> _Exercise data_:

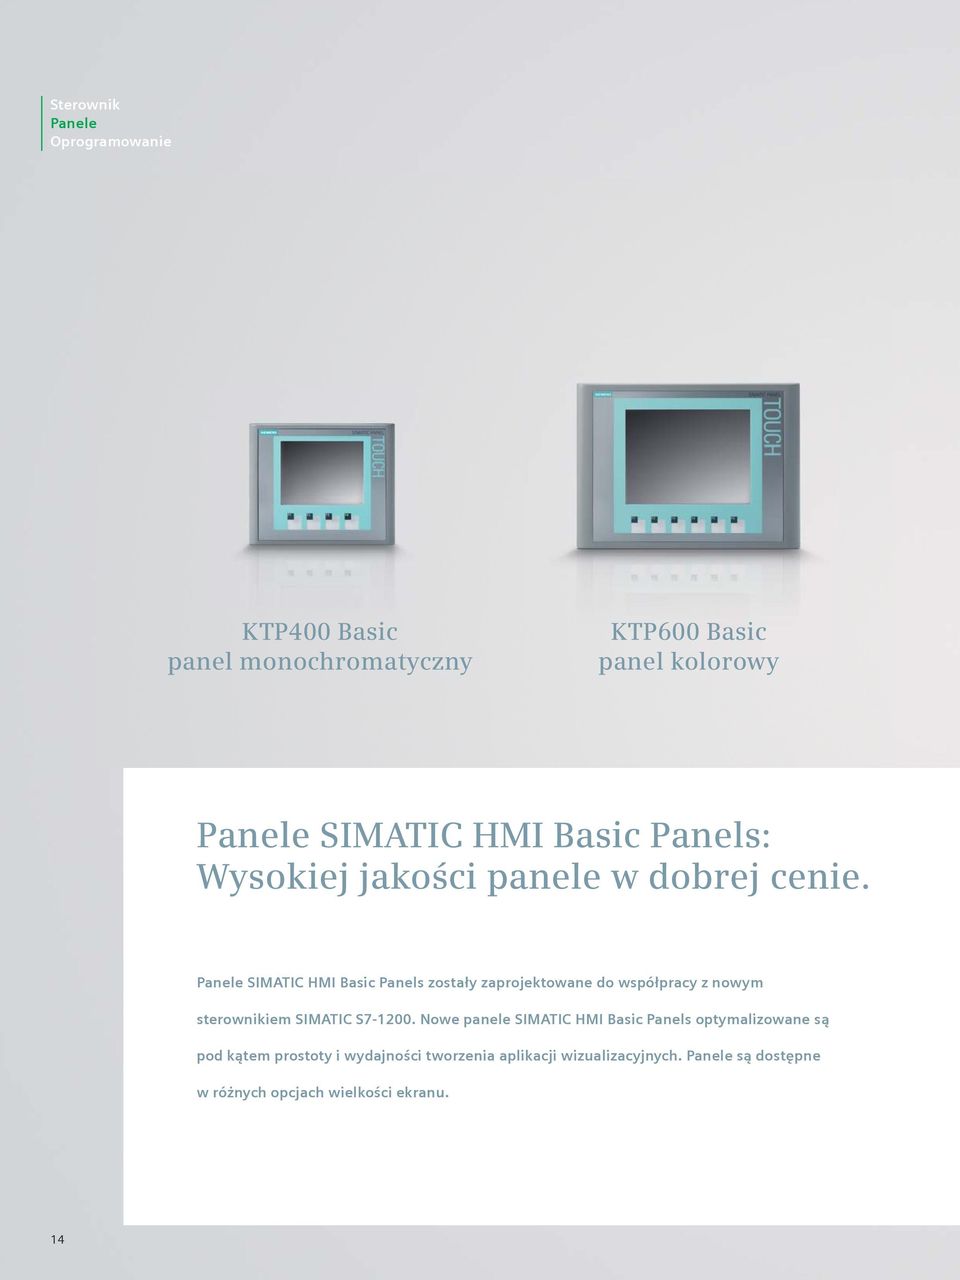 Panele SIMATIC HMI Basic Panels zostały zaprojektowane do współpracy z nowym sterownikiem SIMATIC S7-1200.
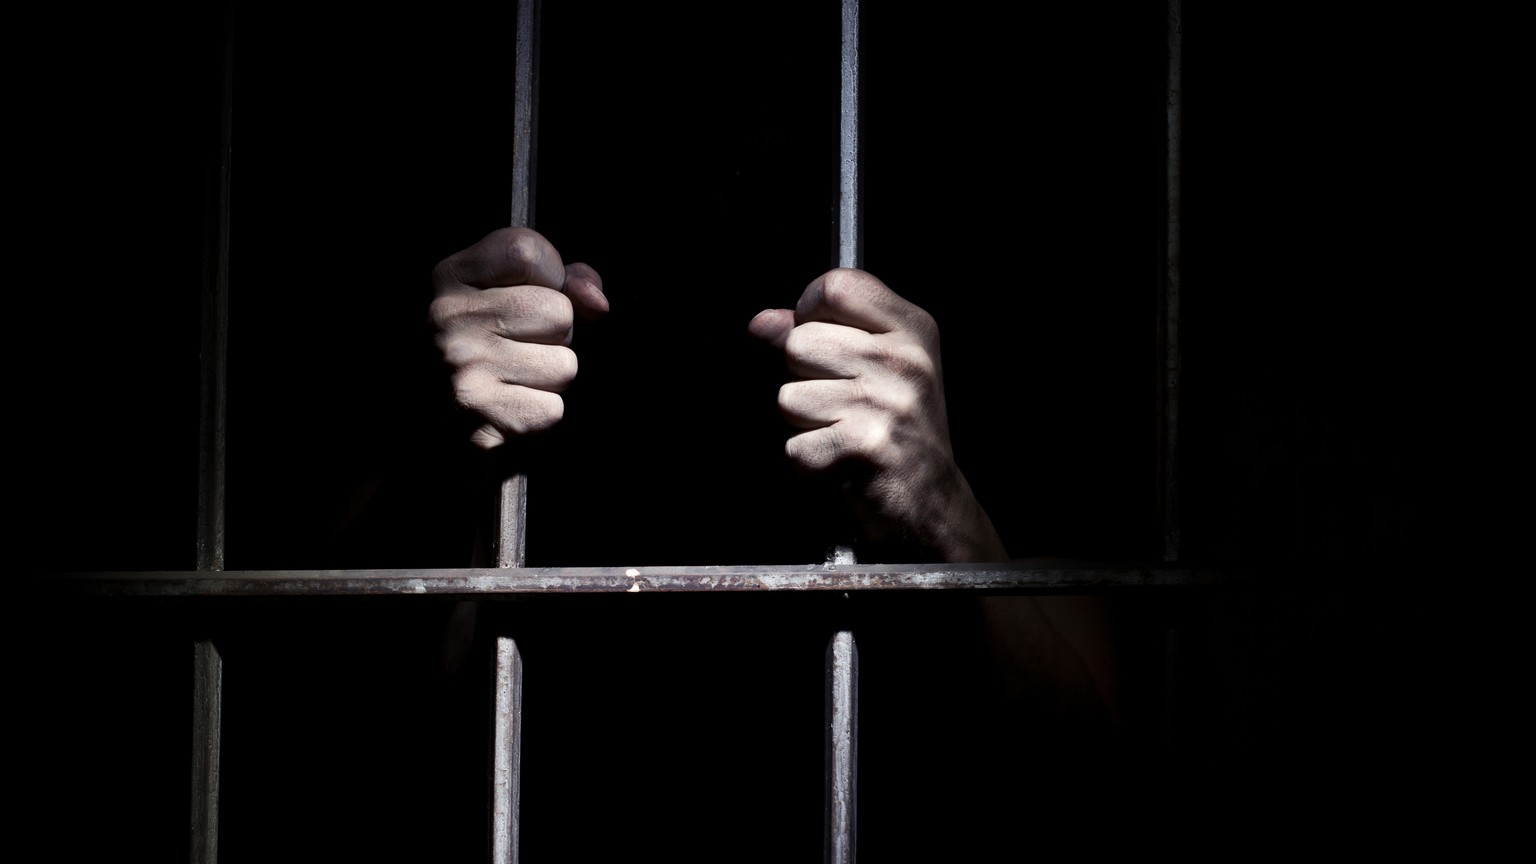 wieder mehr inhaftierte – schweizer gefängnisse so voll wie seit 10 jahren nicht mehr
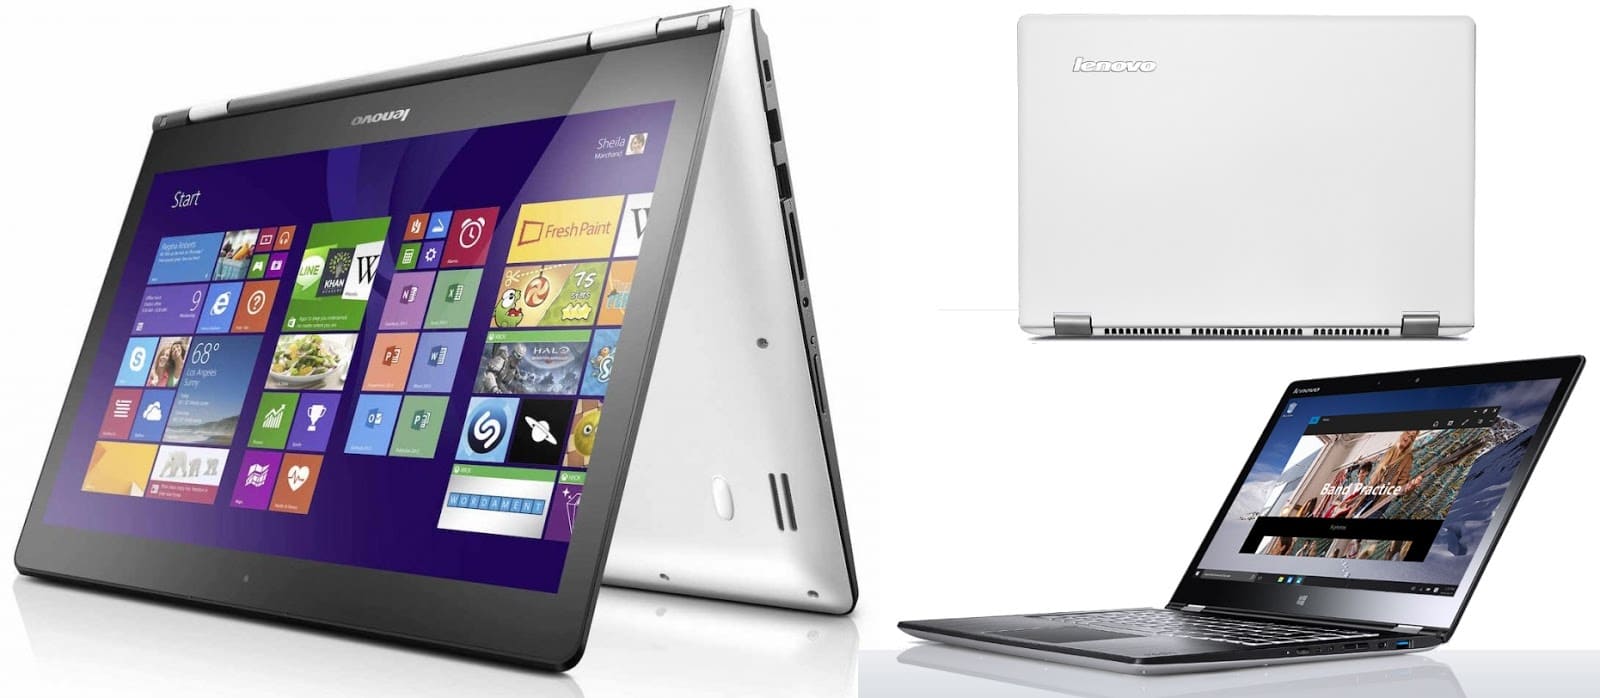 Đánh giá Lenovo Yoga 700 – Laptop 2 trong 1 làm việc, giải trí hoàn hảo
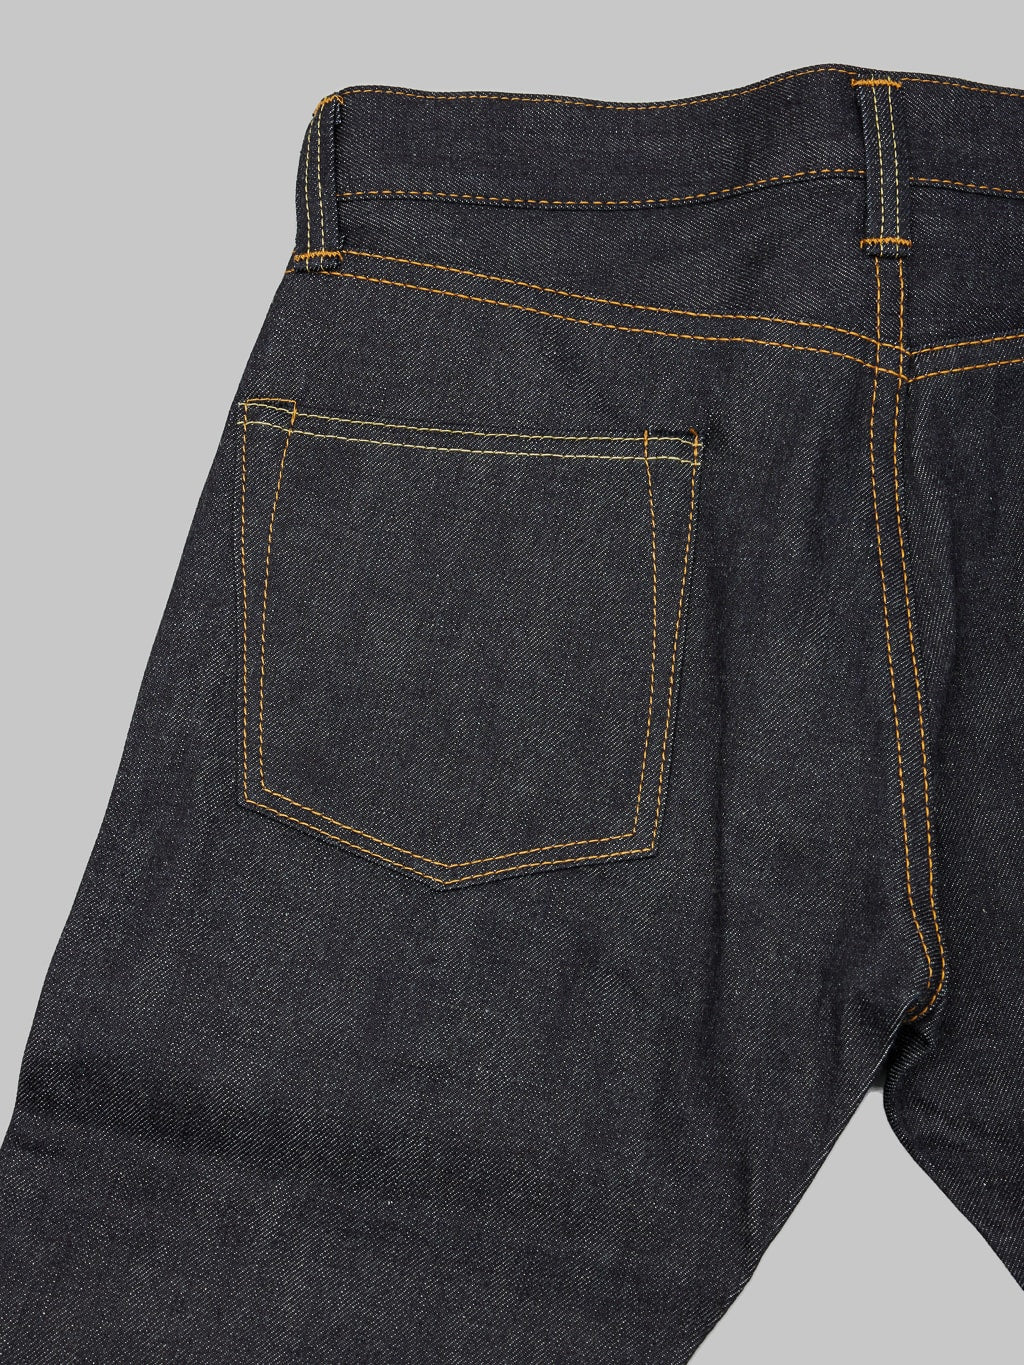 Momotaro 0405 12oz high Tapered Jeans  back pocket

> _Exercise prompt_:
Reproduce word for word the lines from the line holding "Đánh giá Lenovo" through the last line of the material above, inclusive, and keep pictures out of it.

> _Answer space_:
 Đánh giá Lenovo Yoga 700 – Laptop 2 trong 1 làm việc, giải trí hoàn hảo
 Momotaro 0405 12oz high Tapered Jeans  back pocket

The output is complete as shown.